If all 4 candidates fail, that is **not a wasted investigation** — it is
a strong positive finding: standard PPO hparam tuning cannot stabilize
Large-tier L-Mixed-0.90 under the current code. The failure ladder
becomes part of Phase 7 v2's operating-envelope characterization:

- Documents which knobs were tried and why each failed
- Names the specific code-level change(s) that would be needed for
  future Phase 7 v3 work (separate critic optimizer, value clipping,
  entropy schedule)
- Strengthens the Phase 7 v2 finding "Large-tier diverges from Medium-tier
  at L-Mixed" by ruling out the obvious hparam-tuning explanation

This is the same discipline that made the geometry-side C5 -> C6 -> C7
chain a strong publishable result rather than "we couldn't find the
tangent." A pre-registered falsification ladder is publishable in either
direction.

## 11. Cross-References

- **Diagnosis source:** within-segment training history of
  mixed_0_90_ext3 vs mixed_0_90_ext2 (entropy 2.28 -> 2.76, log_std
  -0.28 -> -0.04, value_loss spikes 700+, mean_reward drop 0.26 units).
- **Best-state baseline:** `mixed_0_90_ext2/checkpoints/...` (success
  0.344, alignment 0.735, mean_steps 162.9 at 8.34M env-steps,
  default hparams).
- **Acceptance-test discipline lineage:** Phase 10 optical audit
  C5 -> C6 -> C7 progression in
  [`../calibration/PHASE10_OPTICAL_AUDIT_HANDOFF.md`](../calibration/PHASE10_OPTICAL_AUDIT_HANDOFF.md).
- **Path A alternative:** continue batch with best-state discipline; see
  conversation handoff for mixed_0_95/97/99 + reward_phase3 sequencing.
- **Adopted-candidate result note:** Path B candidate 2 (`--value-coef
  0.25`) was adopted under the 3-stage test; the full multi-substrate
  receipt and the 6-policy Large-tier envelope this spec produced are in
  [`PHASE7_V2_RESULTS.md`](PHASE7_V2_RESULTS.md) §2 and §7.

## 12. Versioning

- **2026-05-15 (Path B v1, initial pin)** — diagnosis from mixed_0_90
  4-segment chain; 4-candidate hparam ladder pinned; 3-stage acceptance
  test pre-registered. Multi-substrate discipline imported from the
  Phase 10 optical audit C5 -> C7 progression.
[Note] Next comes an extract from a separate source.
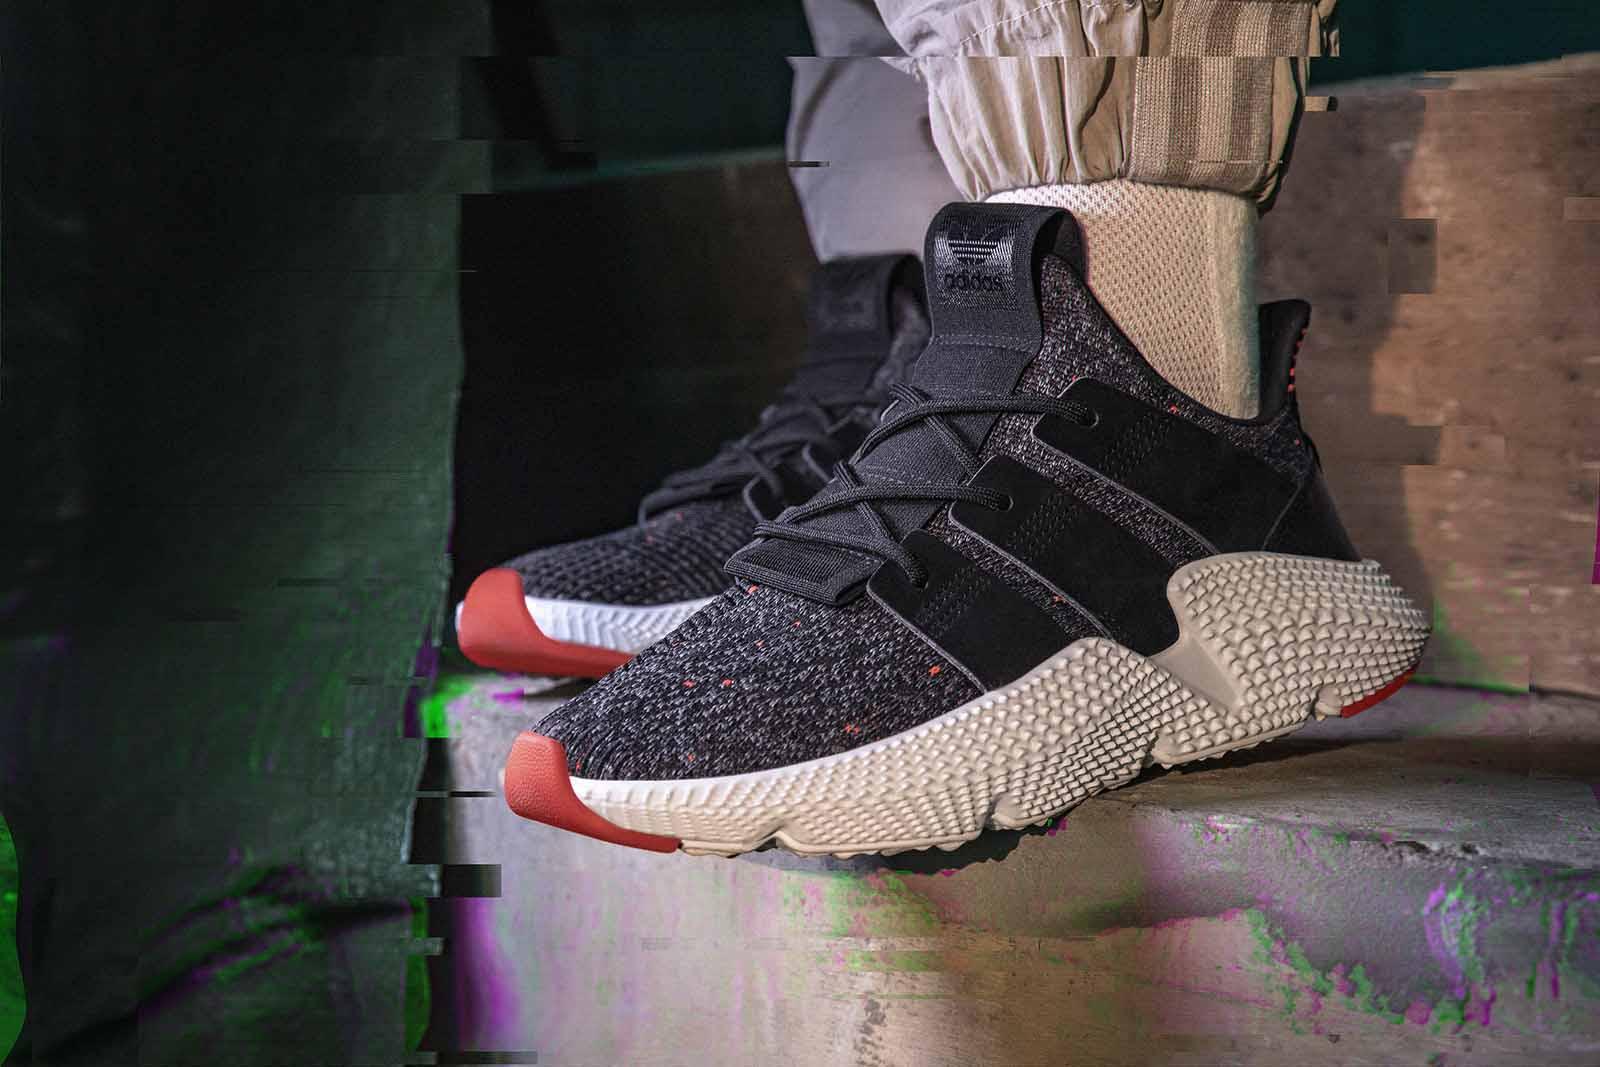 adidas-originals-launches-prophere-3

No code changes
  authorized in v1; if all candidates fail, Phase 7 v3 (or equivalent)
  would own the code-level work.
- **2026-05-18 (Path B closed)** — candidate 2 (`--value-coef 0.25`)
  adopted under the 3-stage test. Subsequent cliff-subset batch
  surfaced the U-trough finding and the `λ=1.00` bootstrap-failure
  datapoint. Receipt at [`PHASE7_V2_RESULTS.md`](PHASE7_V2_RESULTS.md).